Brotherhood of Railway and Steamship Clerks, Freight Handlers, Express and Station Employes v. Allen/Concurrence Harlan
United States Supreme Court
BROTHERHOOD OF RAILWAY AND STEAMSHIP CLERKS, FREIGHT HANDLERS, EXPRESS AND STATION EMPLOYES v. ALLEN
Argued: March 25, 1963. --- Decided: May 13, 1963
Mr. Justice HARLAN, concurring in part and dissenting in part.
I agree with the reversal of the interim and qualified permanent relief that was granted by the state courts respecting the obligation to pay union dues. But I disagree with what in effect amounts to an affirmance of the state judgment in other respects. I believe that dismissal of this action in its entirety is called for.
International Assn. of Machinists v. Street, 367 U.S. 740, 81 S.Ct. 1784, 6 L.Ed.2d 1141, decided only two years ago, stated in unmistakable terms that a plaintiff claiming relief in an action of this kind must show two things: (1) that he had made known to the union the particular political candidates or causes for whose support he did not wish his union dues used; (2) that membership dues had been used for such purposes.
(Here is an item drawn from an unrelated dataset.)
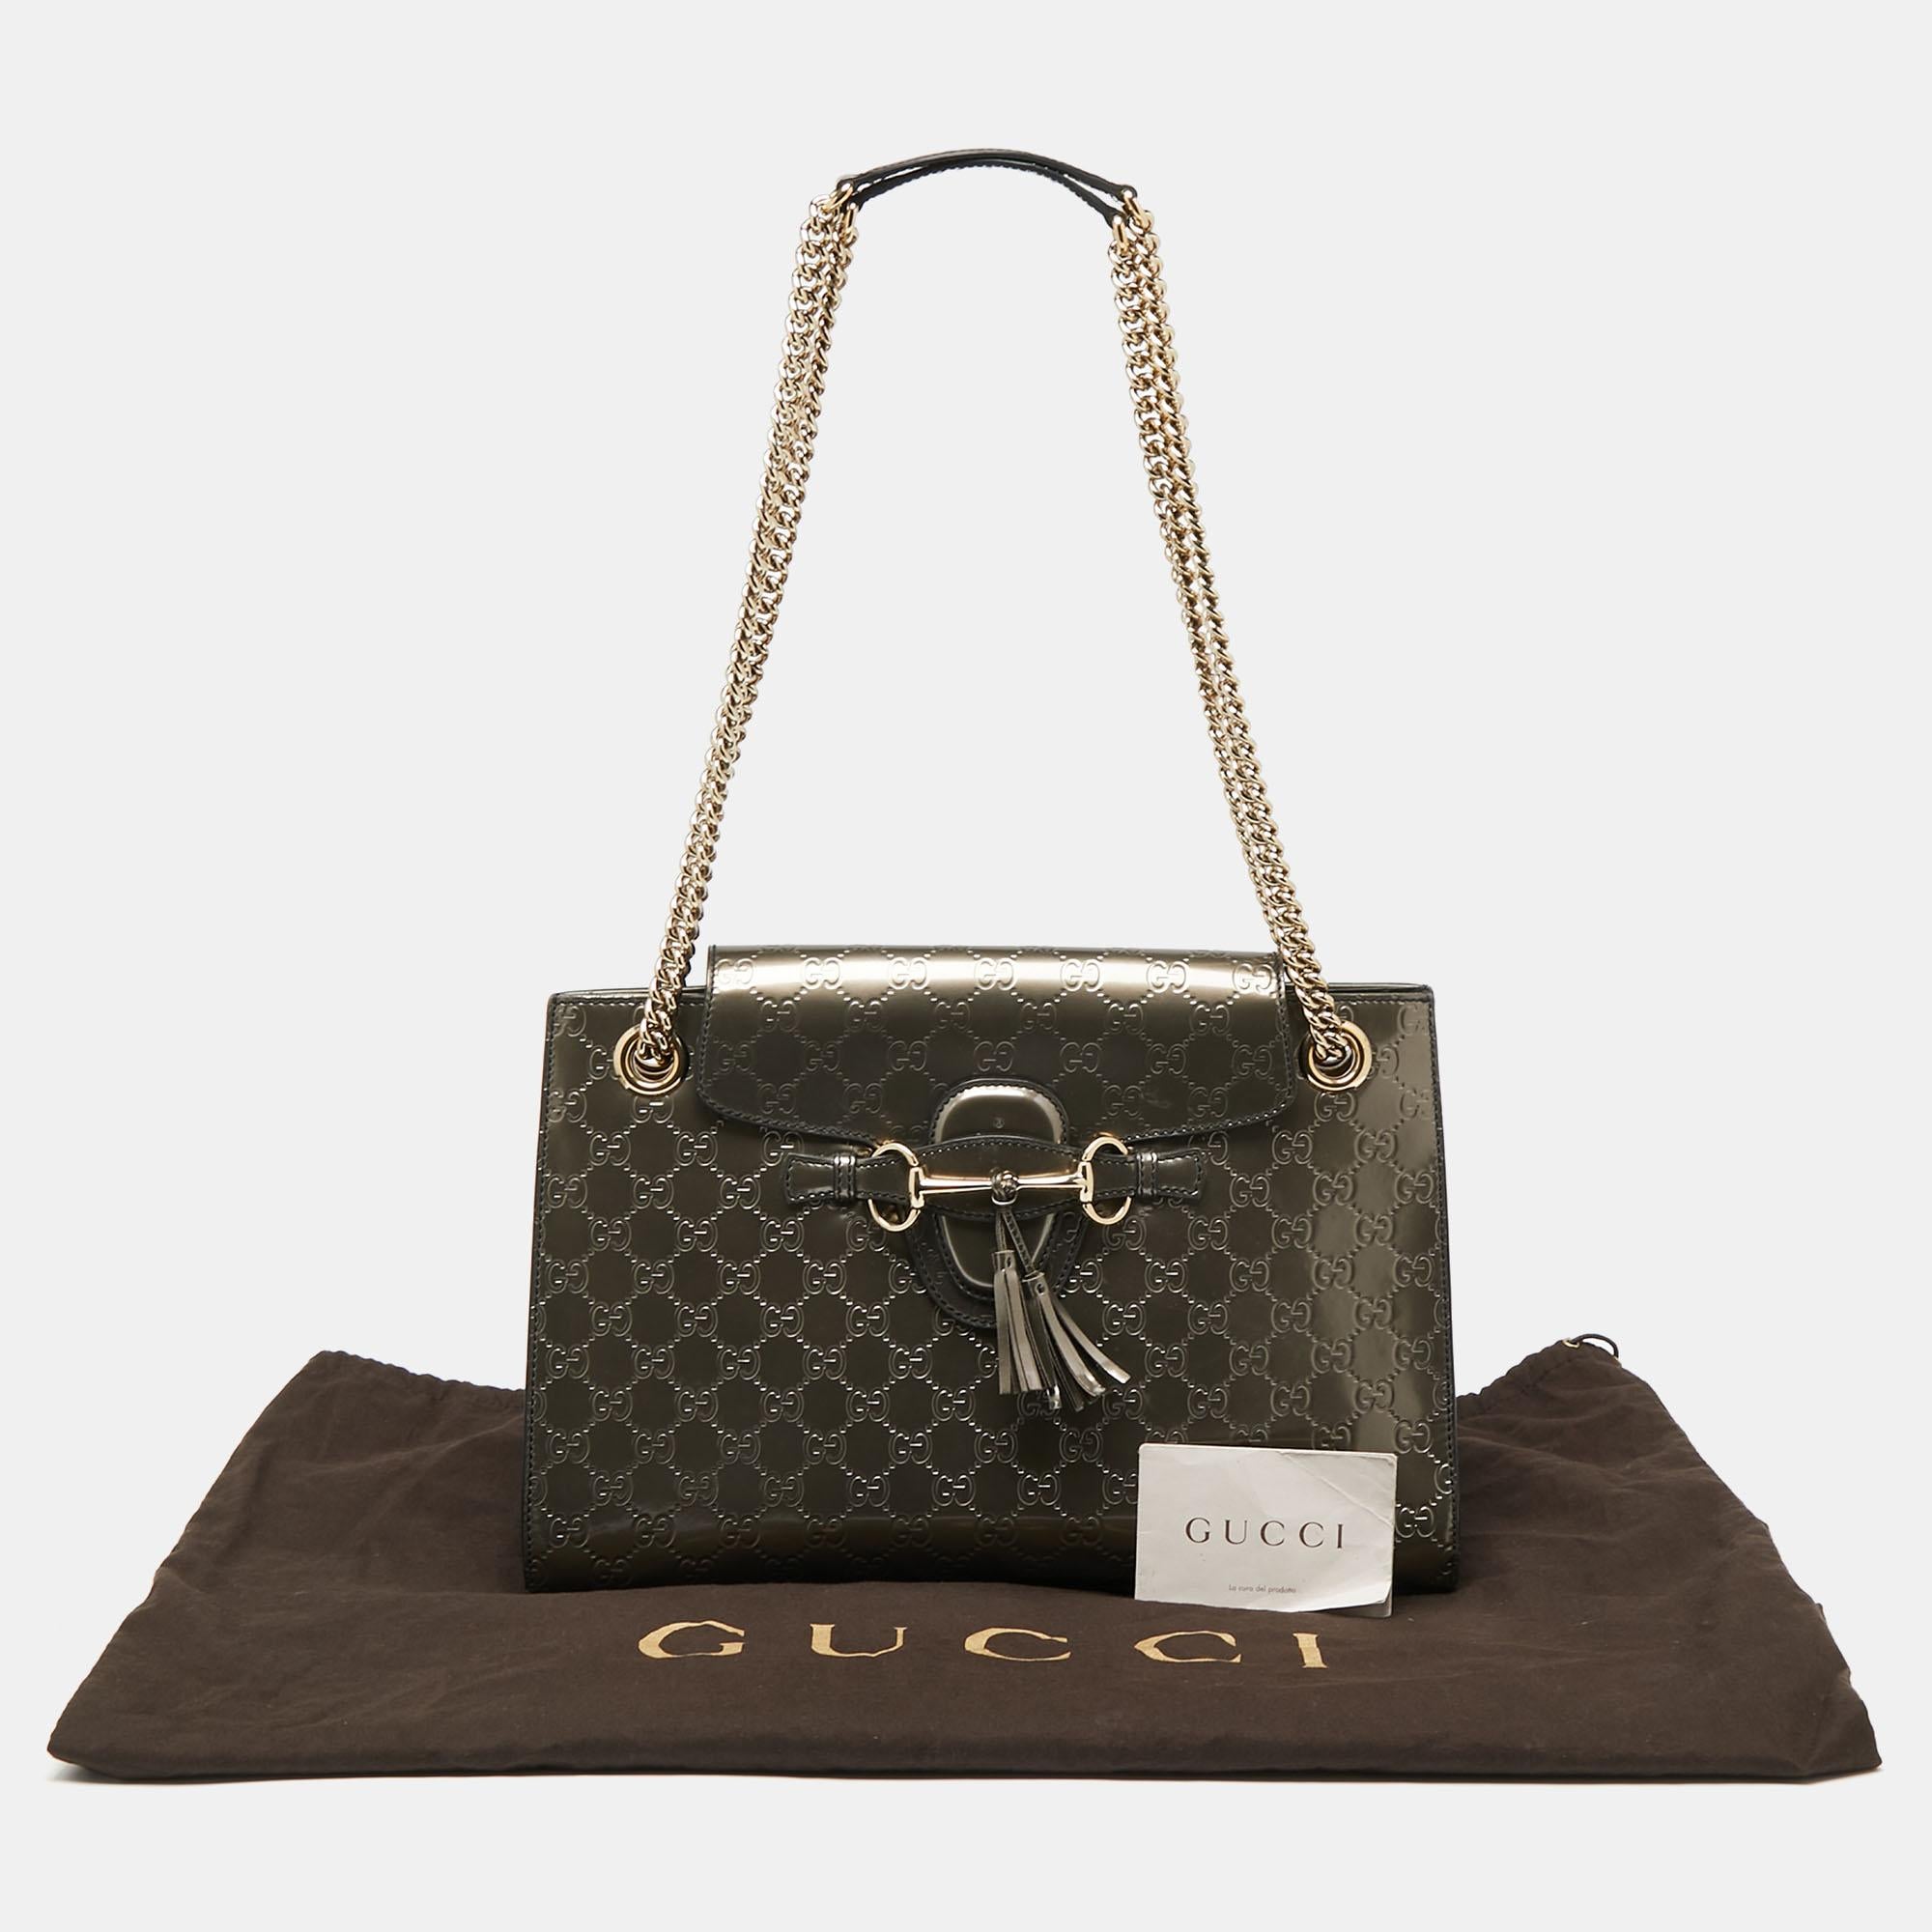 Gucci Metallic Grey Guccissima Patent Leather Large Emily Chain Shoulder Bag 7

The statement of these principles was reinforced on the very same day in Lathrop v. Donohue, 367 U.S. 820, at 845-846, 81 S.Ct. 1826, 1839, 6 L.Ed.2d 1191, the Wisconsin integrated bar case, where a plurality of the Court said:
'Even if the demurrer is taken as admitting all the factual allegations of the complaint, even if these allegations are construed most expansively, and even if, like the Wisconsin Supreme Court, we take judicial notice of the political activities of the State Bar, still we think that the issue of impingement upon rights of free speech through the use of exacted dues is no more concretely presented for adjudication than it was in (Railway Employes' Dept. v.) Hanson (351 U.S. 225, 76 S.Ct. 714, 100 L.Ed. 1112). Compare International Association of Machinists v. Street, (ante), 367 U.S., (p.) 740, at pages 747-749, 81 S.Ct., (p.) 1784, at pages 1788 1790, 6 L.Ed.2d 1141. Nowhere are we clearly apprised as to the views of the appellant on any particular legislative issues on which the State Bar has taken a position, or as to the way in which and the degree to which funds compulsorily exacted from its members are used to support the organization's political activities.' See also what follows 367 U.S., at pp. 846-848, 81 S.Ct., at p. 1839, 6 L.Ed.2d 1191.
These requirements have not been met in this case. At best all that has been alleged or proved is that the union will expend a part of each respondent's still-unpaid membership dues for so-called political or other purposes not connected with collective bargaining, and that each respondent would object to the use of any part of his dues for matters other than those relating to collective bargaining. None of the respondents who testified could specify any particular expenditure, or even class of expenditure, to which he objected.
I do not understand how, consistently with Street, the Court can now hold that 'it is enough that * * * (a union member) manifests his opposition to any political expenditures by the union' (ante, p. 118), or how it can say that in so holding 'we are not inconsistent with' what the plurality was at such pains to point out in Lathrop (albeit in a constitutional context), id., note 5. The truth of the matter is that the Court has departed from the strict substantive limitations of Street and has given them (and, as I see it, also that case's remedial limitations, compare 367 U.S., at 772-775, 778-779, 779-780, 796-797, 81 S.Ct., at 1801-1803, 1805, 1813-1814, 6 L.Ed.2d 1141, with ante, p. 122-123 and Appendix) an expansive thrust which can hardly fail to increase the volume of this sort of litigation in the future.
Believing that our decisions should have more lasting power than has been accorded Street, I must respectfully dissent. I would reverse the judgment and remand the case for dismissal of the complaint.